On 4/06/19 1:24 AM, Dan Ritter wrote:
Frank Watt wrote:
|You seem to be on x86_64 (or amd64 as debian calls it), so unless
|you are building as 32-bit you don't need any of these.
|
|The -dev versions include headers, so you need those to compile, the
|more-basic versions are only the libraries (for packages provided by
|debian). And 'ncurses5' is the old version for ASCII or ISO-8859-N
|versions - these days, 'ncurses5w' is probably what you need
95% of your problems here will go away with:
sudo apt build-dep mutt
which will fetch and install all the libraries and tools
necessary to build Debian's current version of mutt.
# sudo apt build-dep mutt
Reading package lists... Done
Building dependency tree
Reading state information... Done
E: Unable to find a source package for mutt
Tui mutt-1.12.0 # which mutt
/usr/bin/mutt
Tui mutt-1.12.0 # dpkg -S /usr/bin/mutt
dpkg-query: no path found matching pattern /usr/bin/mutt
and:
> apt build-dep thunderbird
Reading package lists... Done
Building dependency tree
Reading state information... Done
E: Unable to find a source package for thunderbird
but:
> which thunderbird
/usr/bin/thunderbird
> dpkg -S /usr/bin/thunderbird
thunderbird: /usr/bin/thunderbird
What am I to infer from that? Could that be because I'm not a Debian
purist since I use Linux Mint?
However!
All of this may be unneeded, as Debian stable's mutt (which
is neomutt right now, yes) has
I'm not familiar with neomutt.
set smtp_url = "smtp://user@smtp.domain:25"
set smtp_pass="pass"
set from="user@domain"
set realname="username"
SMTP support.
However again!
Installing nullmailer will give you a sendmail substitute that only takes
one line of config to do its job: send all mail to some other SMTP server.
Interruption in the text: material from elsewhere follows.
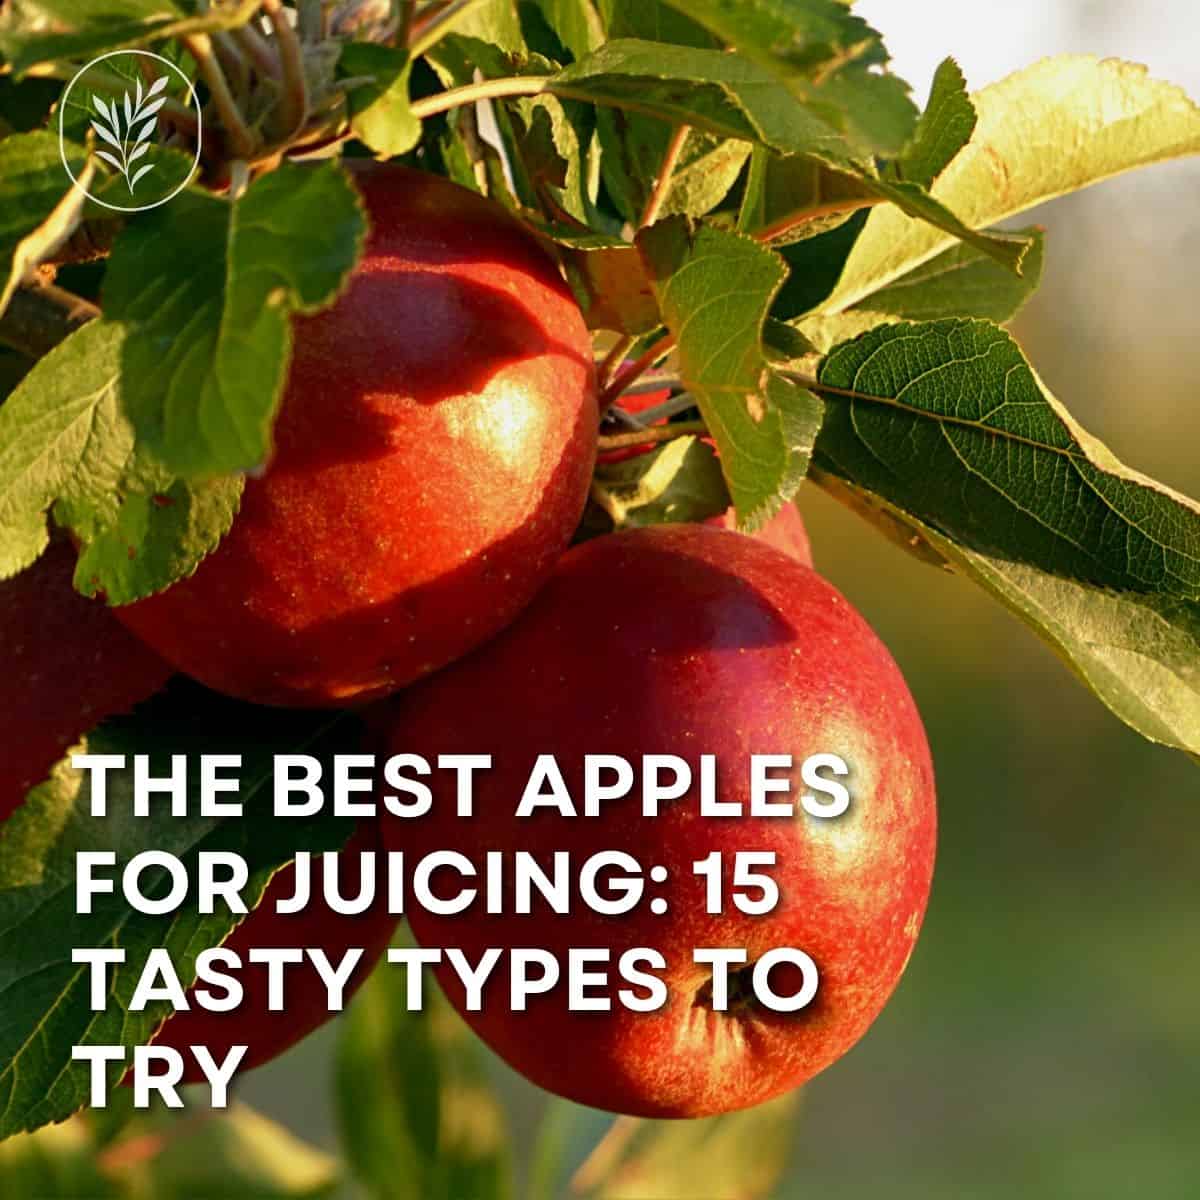 The best apples for juicing - instagram via @home4theharvest
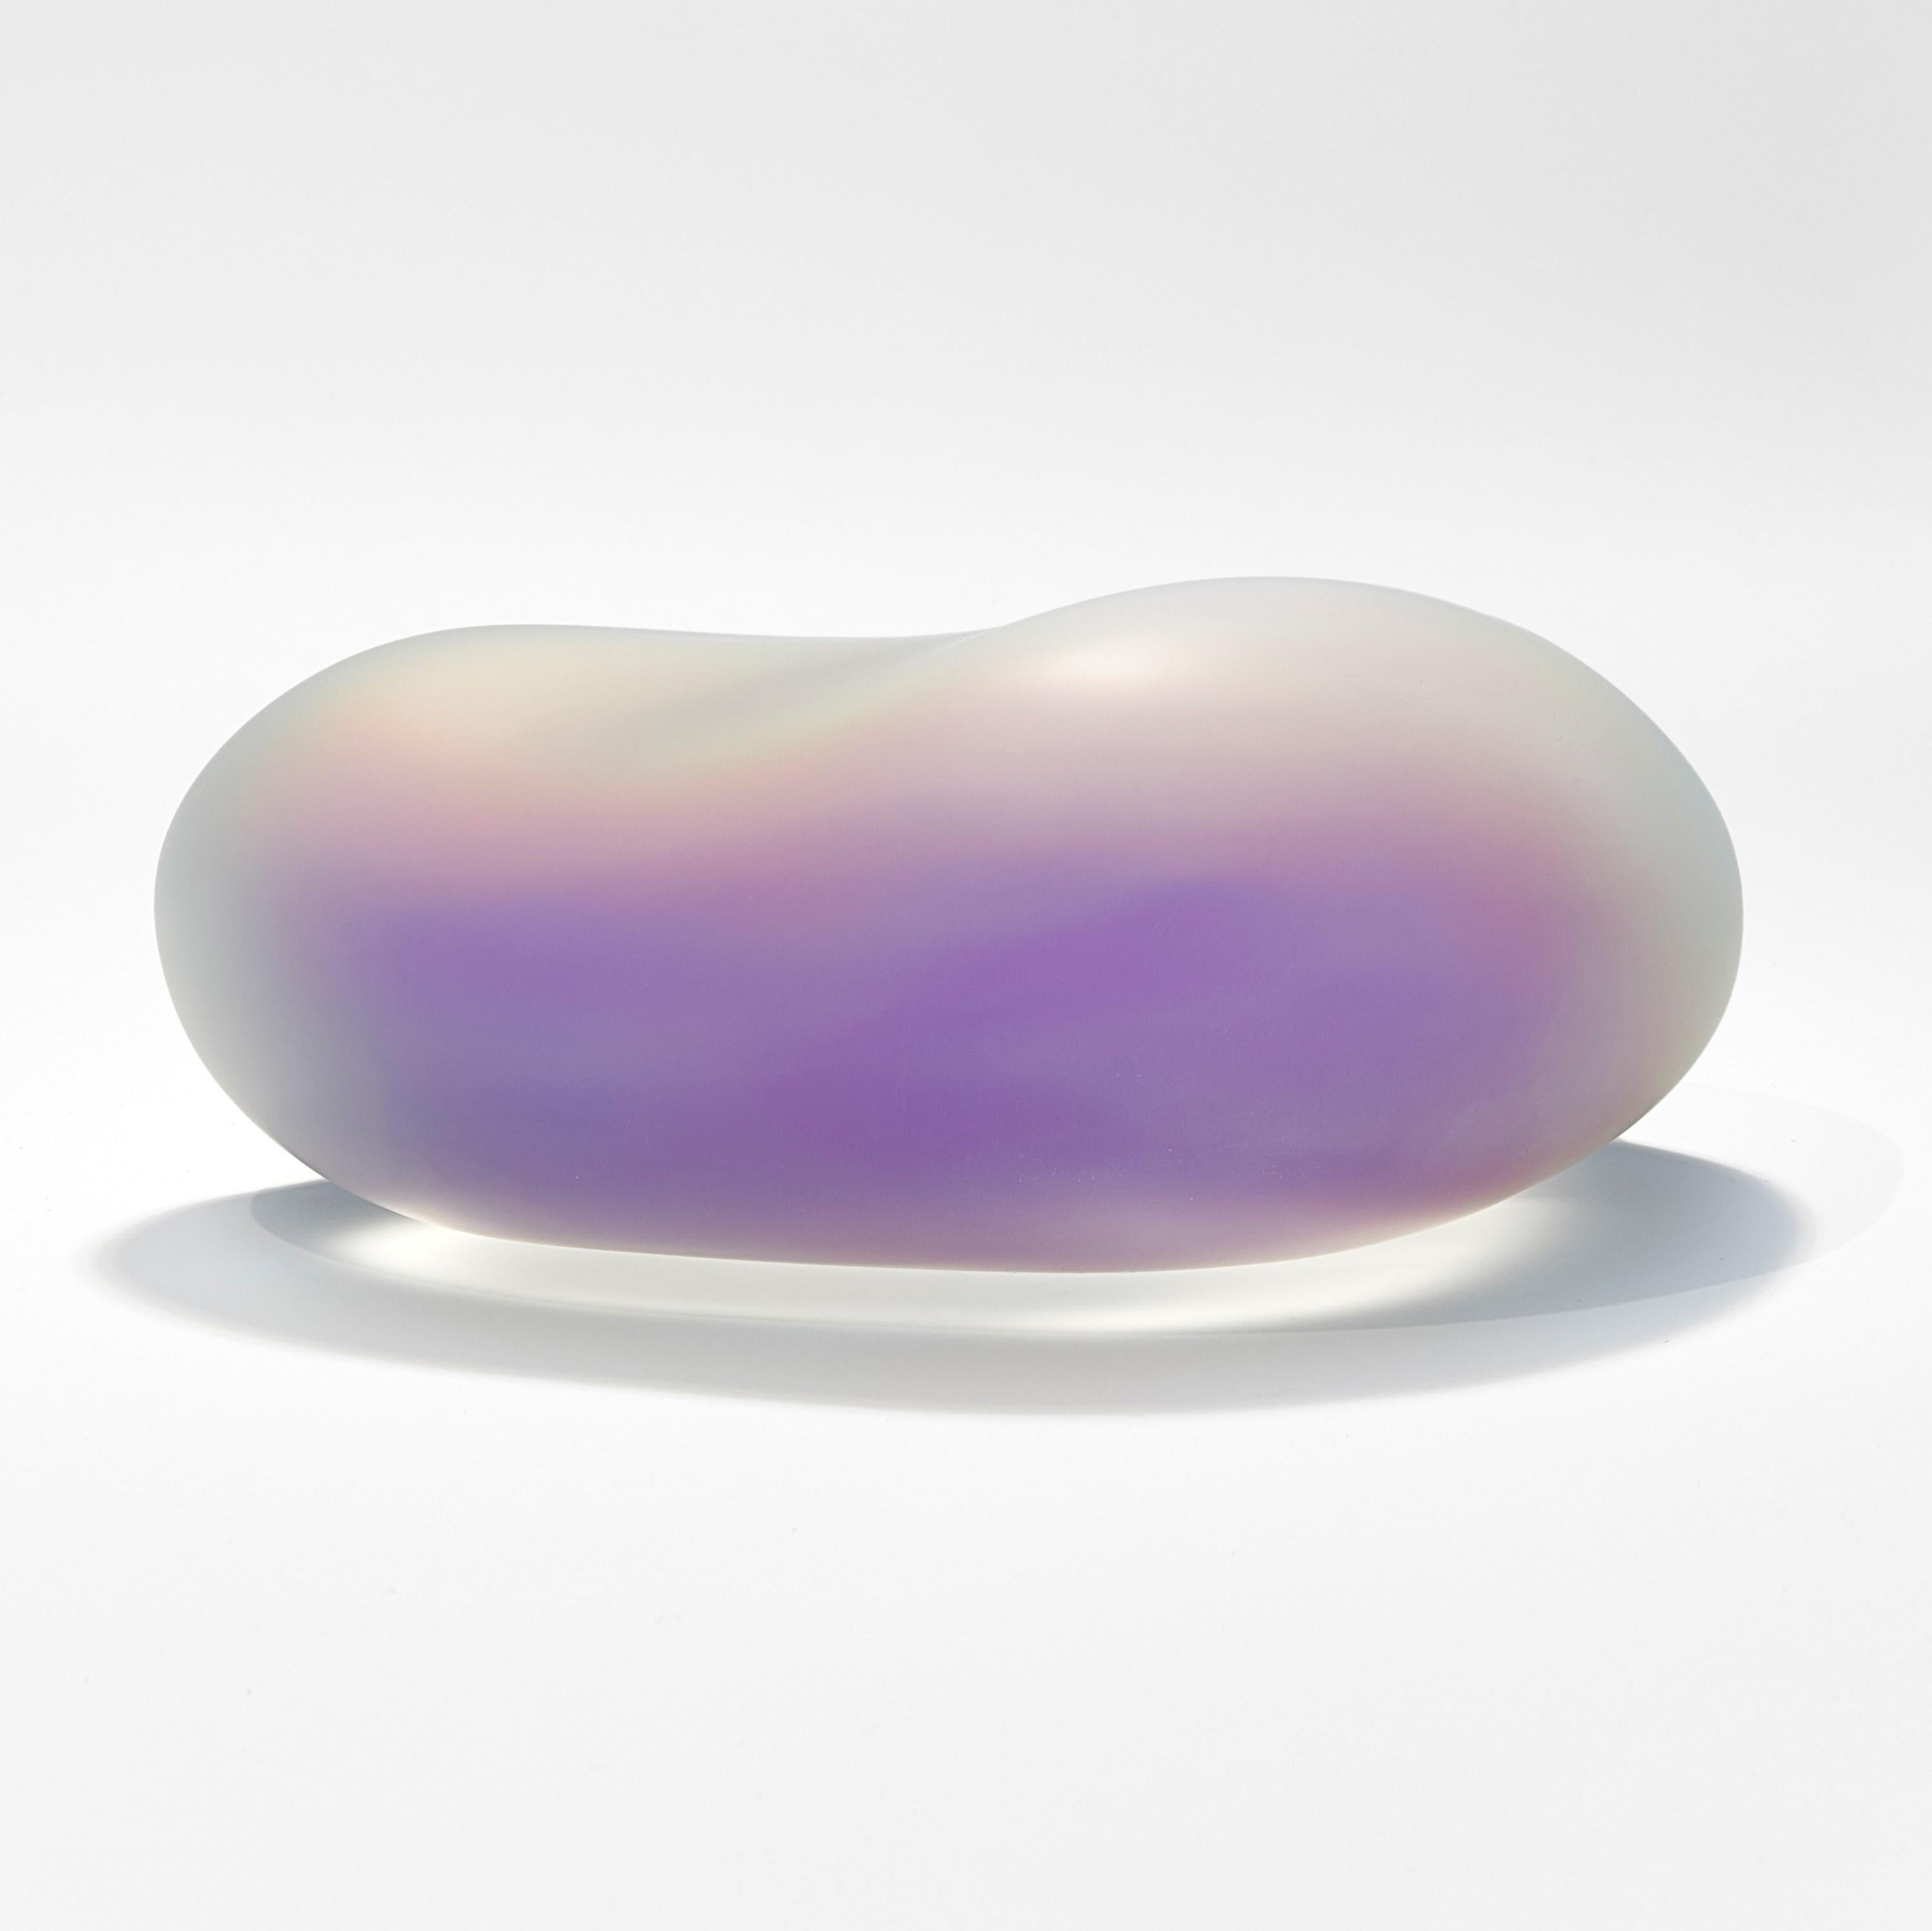 Organic Modern Moon-rock 010, clear glass sculptural rock with iridescent colours by Jon Lewis

Were I to install nullmailer, it would remove sendmail, but is that any
use with a 9 year old mutt? I find everything I need in it. Would it
work to reinstall the old mutt deb after replacing sendmail with
nullmailer? I get the impression that the deb configures the
installation to use the mta present at the time.
Could it be as easy as that?
Thanks for all the suggestions I'm yet to try.